• October to December 2024 Article ID: NSS8904 Impact Factor:8.05 Cite Score:955 Download: 42 DOI: https://doi.org/ View PDf

    Value of Fantasy and Imagination in Modern Trends

      Dr. Ramashanker Mishra
        PGT Teacher (Art) Mody School, Lakshmangarh, Sikar (Raj.)
       
  • Introduction- From the first, modernism felt it should embrace new developments in natural science. For obvious reasons, optical physics and colour theory were to be of lasting importance, from Kandinsky onwards. There was also some input by mathematics into cubism; Einstein's physics found parallels in futurist notions of the fourth dimension; and the curious biomorphs of Miró and Klee may be related to creatures seen under the biologist's microscope. But it was in the human sciences - more tenuous but richer in suggestion - that modern art found both its philosophical courage and a fountainhead of source material.
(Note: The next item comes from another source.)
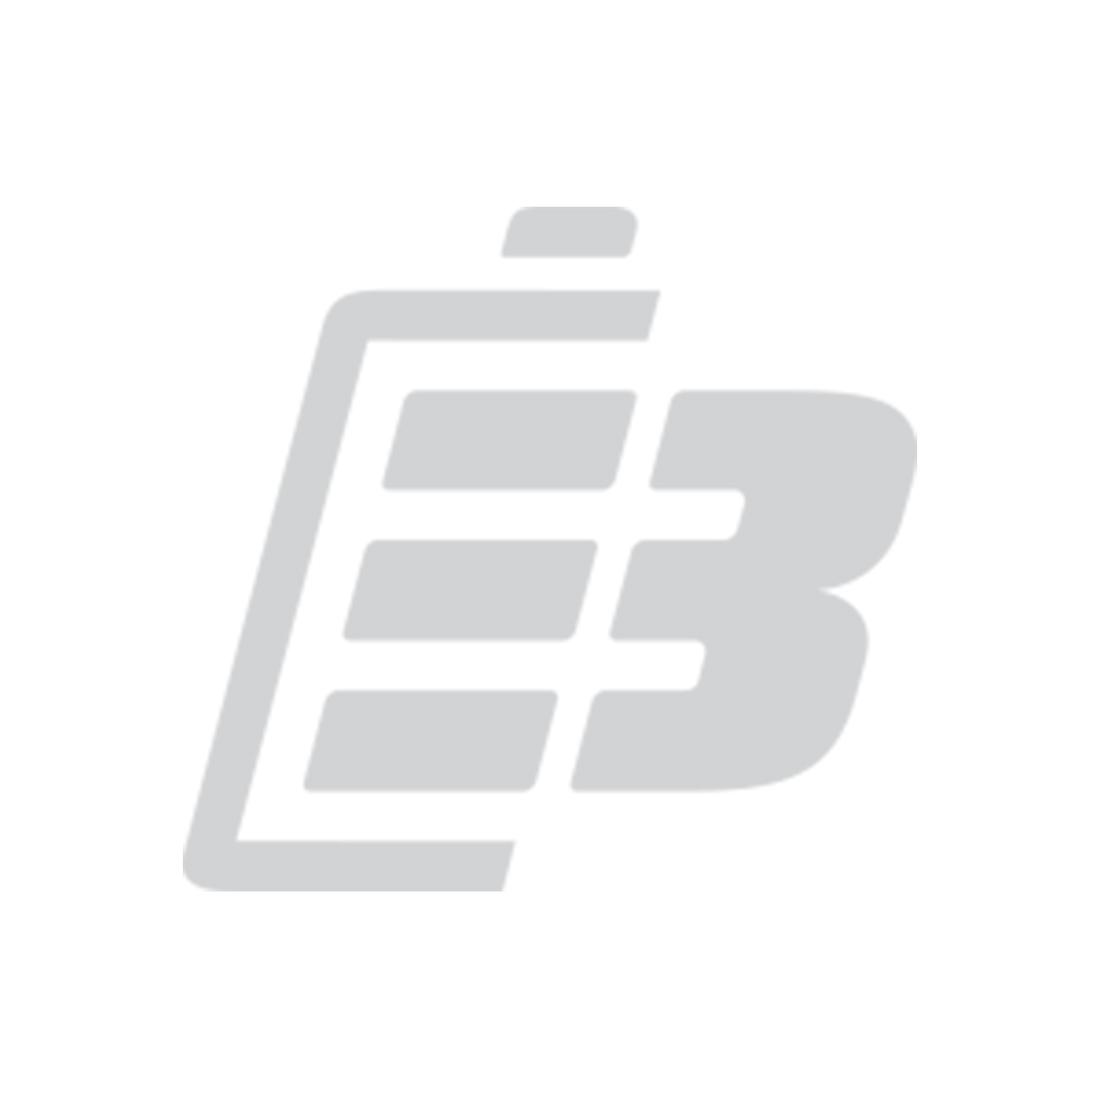 Wireless controller battery Sony PlayStation Dualshock 3_1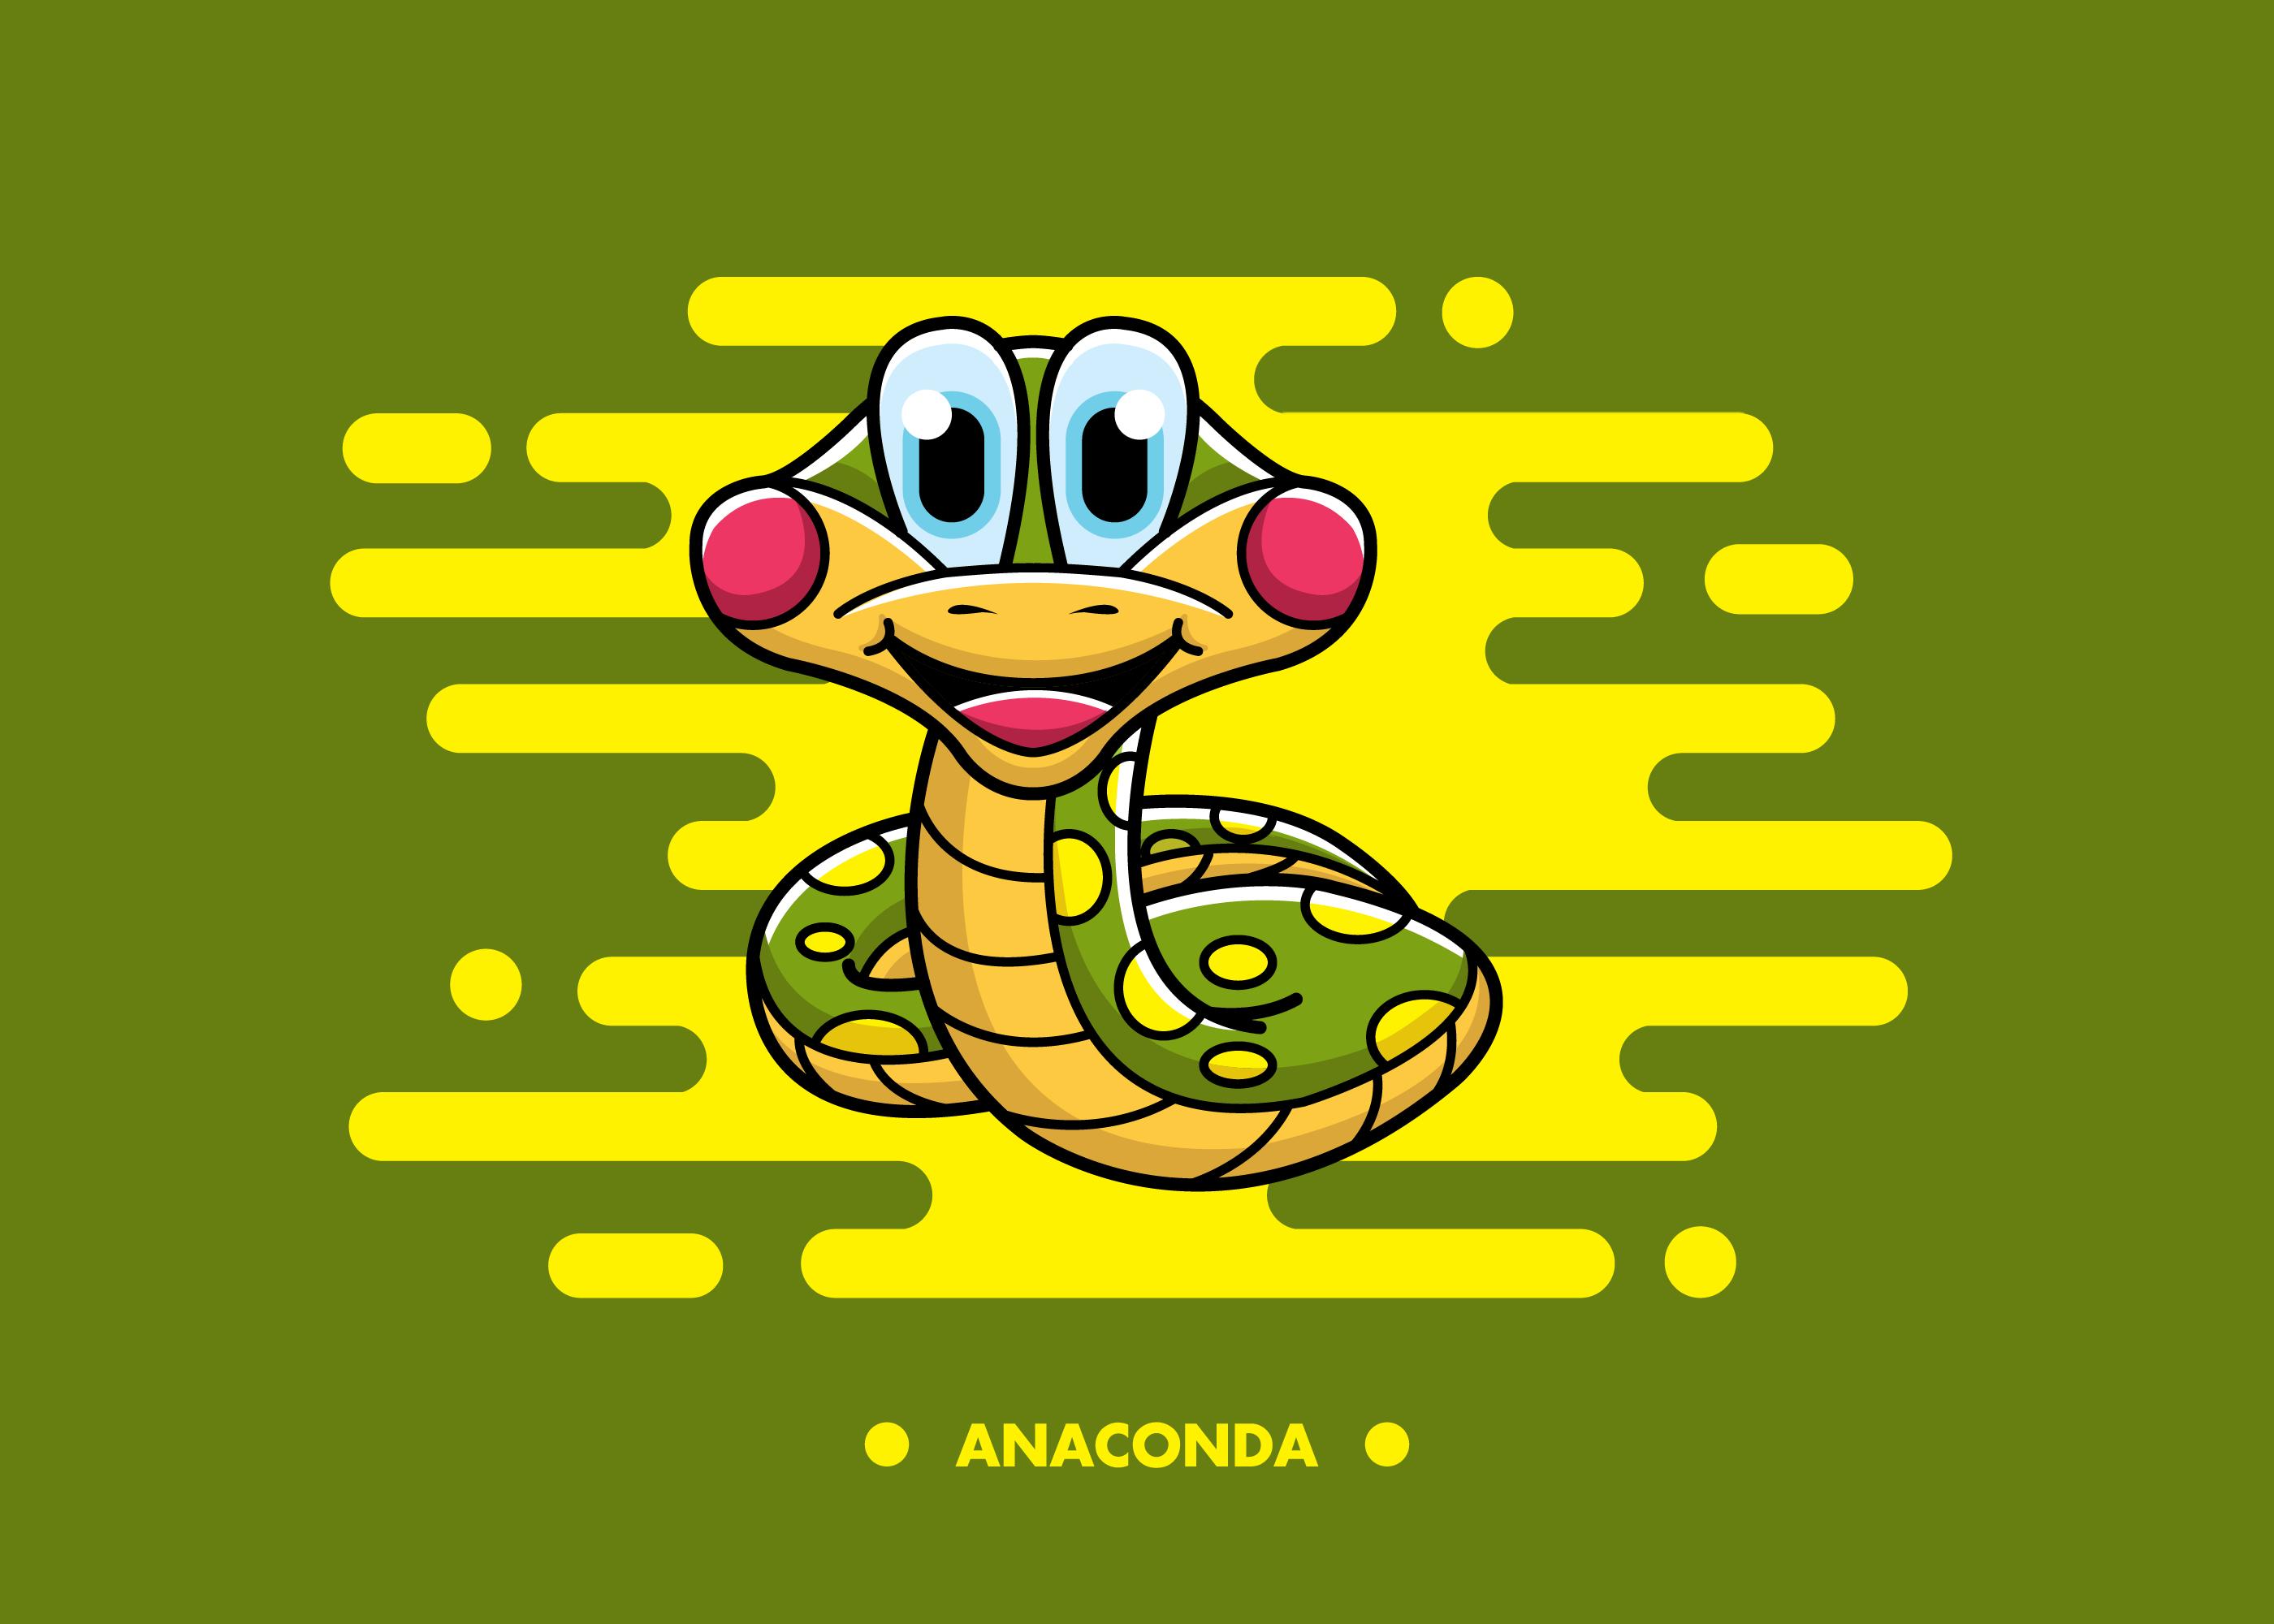 Anaconda (comics) - Wikipedia

The most important of these soft sciences - which appear even softer today than they did at the time were Freudian and Jungian psychology. The unconscious mind provided nothing less than a new world, a Prospero's island, in which artists could walk their imaginations and release their fantasies. The surrealist interest in dreams and automatism writing, drawing and painting without the mediation of thought cast an immensely long shadow over the whole culture of the twentieth century, while Jung's archetypes breathed new life into symbolism. The latter have persisted long after Jung the clinician has been consigned to the dustbin of history. They can be spotted, for example, in the later post-pop work of Peter Blake.